How can you modify an object without calling member functions?

Question

At 3.10/10, the standard says:

An lvalue for an object is necessary in order to modify the object except that an rvalue of class type can also be used to

Answer 1

How can one modify an object [that's specified by an rvalue expression] without calling a member function?

I know of only one way to do that, namely to bind the object to a reference to const, and then cast away the const-ness.

E.g.

template< class Type >
Type& tempRef( Type const& o ) { return const_cast< Type& >( o ); }

struct S { int x; };

int main()
{ tempRef( S() ).x = 3; }

This is because a temporary object is not const itself unless it is of const type, so the example above does not cast away original const-ness (which would be UB).

EDIT, added: Luc Danton’s answer showed another (non-general) way, namely where the temporary's construction stores some reference or pointer to the object in some accessible location.

Cheers & hth.,

Answer 2

Modifying a temporary and not through an lvalue to that temporary:

#include <cstring>

class standard_layout {
    standard_layout();
    int stuff;
};

standard_layout* global;

standard_layout::standard_layout()
{ global = this; }

void
modify(int)
{
    std::memset(global, 0, sizeof *global);
}

int
main()
{
    modify( (standard_layout {}, 0) );
}

I don't think it's correct to assume that rvalues of class types are non-modifiable. I now understand that paragraph as 'for non-class types, an lvalue for an object is needed in order to modify that object'.

Answer 3

A member function can change the member directly, but it can also delegate that responsibility:

struct Foo {
  int x;
  void Bar() { scanf("%d", &x); }
};

The current wording of the standard has the advantage that one doesn't need to argue whether this is a case of Bar changing the object. If we'd agree that scanf changes the object, then that's just another example.

Answer 4

This seems to be accepted:

struct T {
   int x;
};

int main() {
   T().x = 3;
}

I am slightly surprised that this works, because IIRC the LHS of op= must be an lvalue, yet the following implies that even T().x is an rvalue:

struct T {
   int x;
};

void f(int& x) {
   x = 3;
}

int main() {
   f(T().x);
}

Edit: As of 4.6, GCC does warn about T().x = 3: error: using temporary as lvalue.

I can't think of any other way to modify a class object other than through data member access or member function calls. So, I'm going to say... you can't.

Answer 5

I can think of one way:

If your class exposes public member variables, you can assign directly to those member variables. For example:

class A
{
    public:
        int _my_var;
...
};

int main(int argc, char** argv)
{
    A *a = new C();
    a->_my_var = 10;
}

This is not a good programming style though - exposing a member variable as public isn't something I would advocate or even suggest.

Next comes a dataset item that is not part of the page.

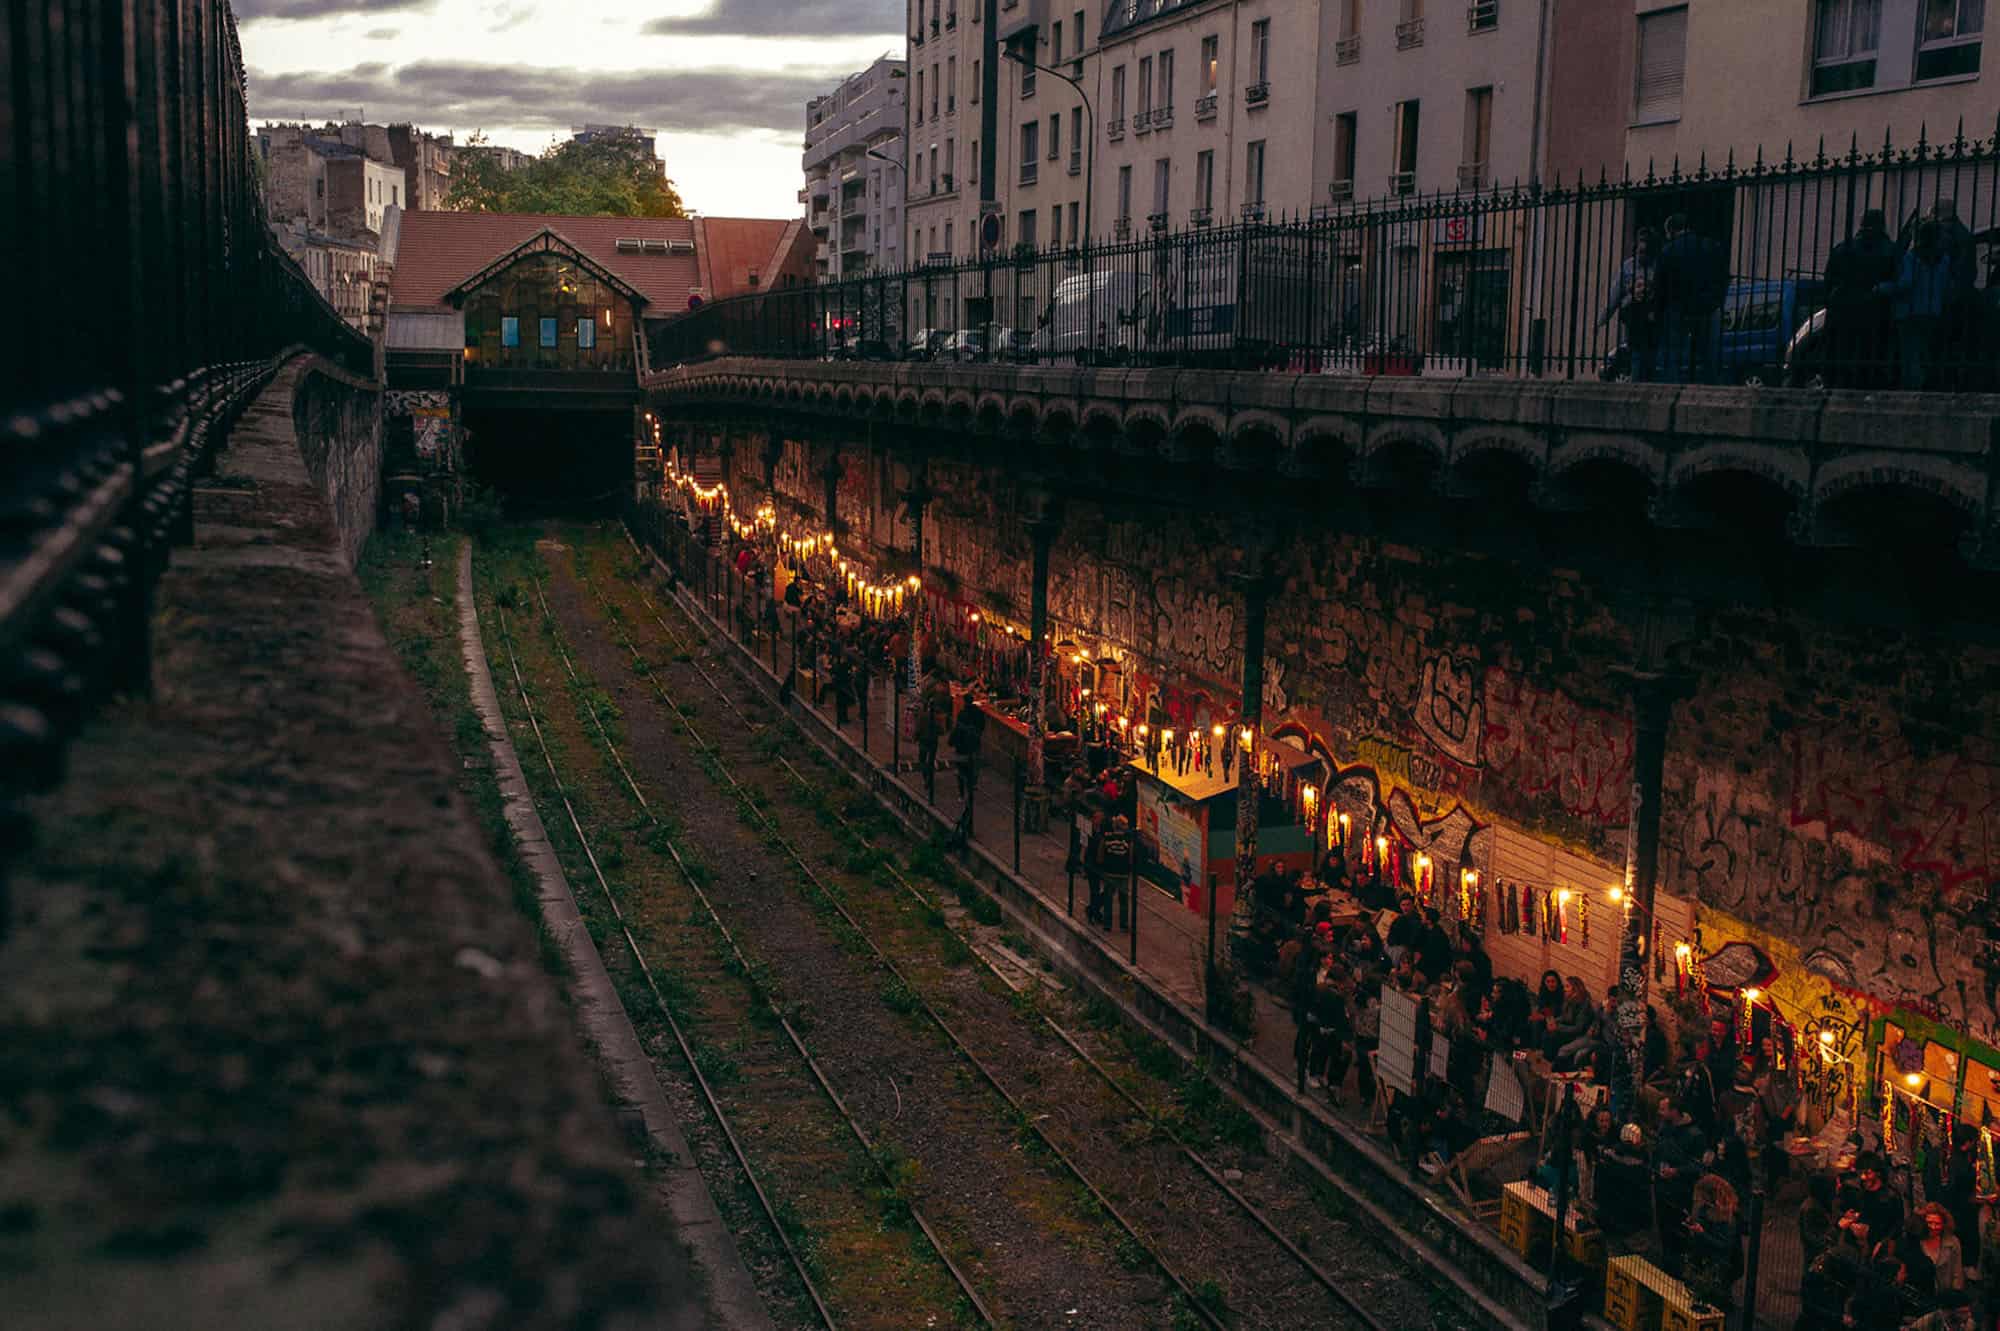 View of the Hasard Ludique bar with its outdoor summer terrace in Paris covered in graffiti on the old platform of an abandoned train station.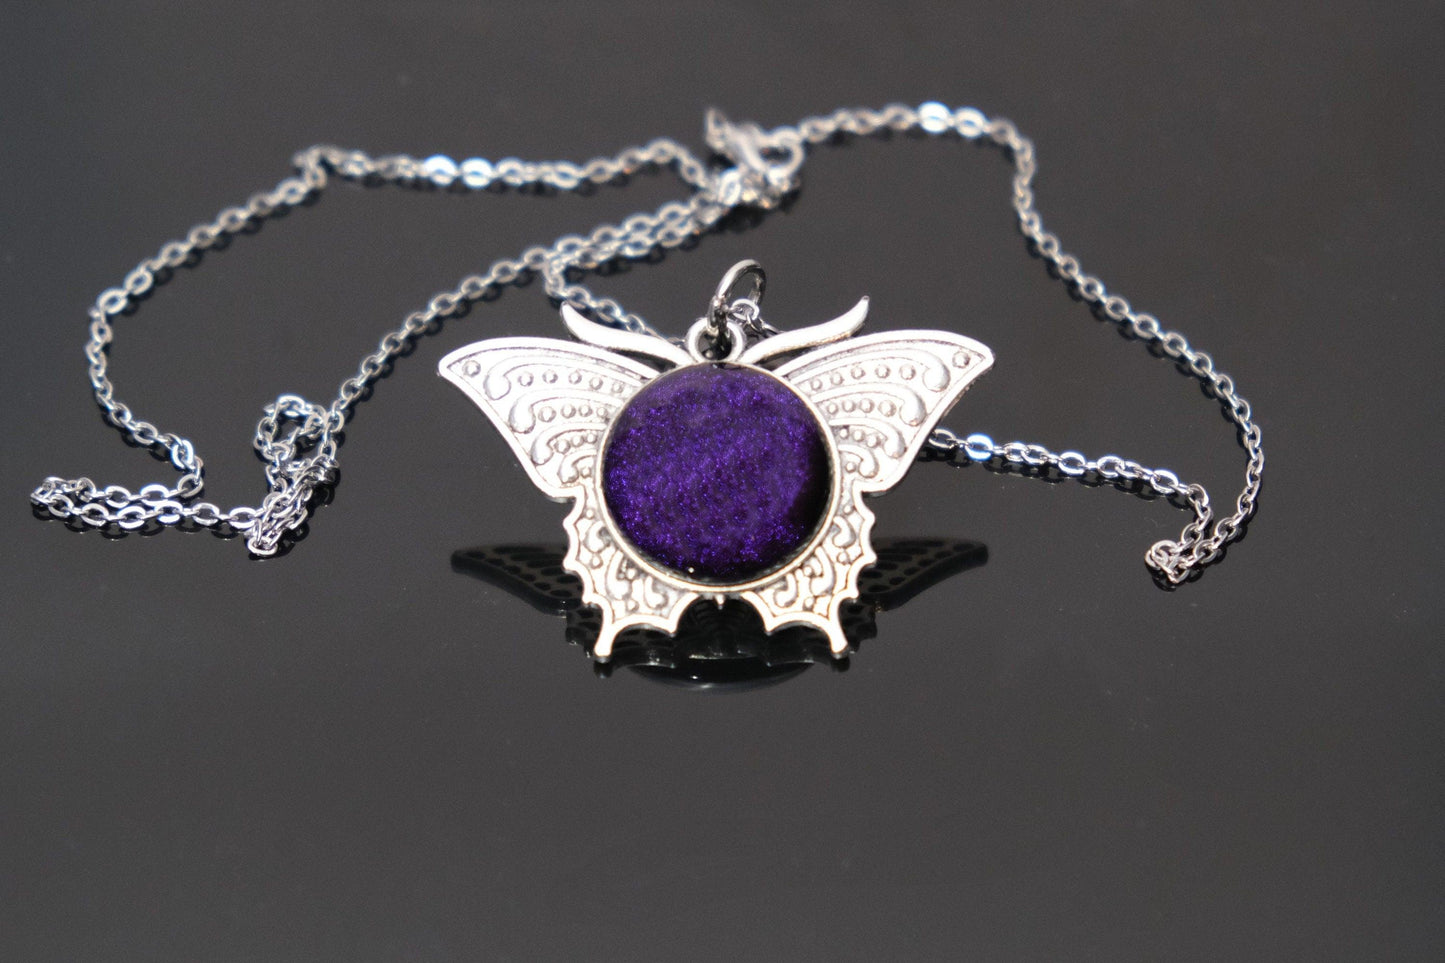 Butterfly pendant necklace, silver tone with dark purple dichroic fused glass center stone on a 20 inch steel chain seeds glassworks seedsglassworks

Also, if you can do something really weird, such as directly writing some address in memory, an offset from the pointer to the class object - but why would you do that?

Answer 6

Doing an implicit cast is sort of like calling a member function -- also modifying rvalue refs seems to work.

Tested the following in vc++10 and g++ 4.4.

struct b { int i; b(int x) : i(x) {} };
struct a { int i; a() : i(0) { } operator b() { return i++ /* this works */, b(i); } };
a f(a&& x) { return x.i++ /* this works */, x; }
int main() { b b = f(a()); /* implicit operator b() cast; b.i will equal 2 */ }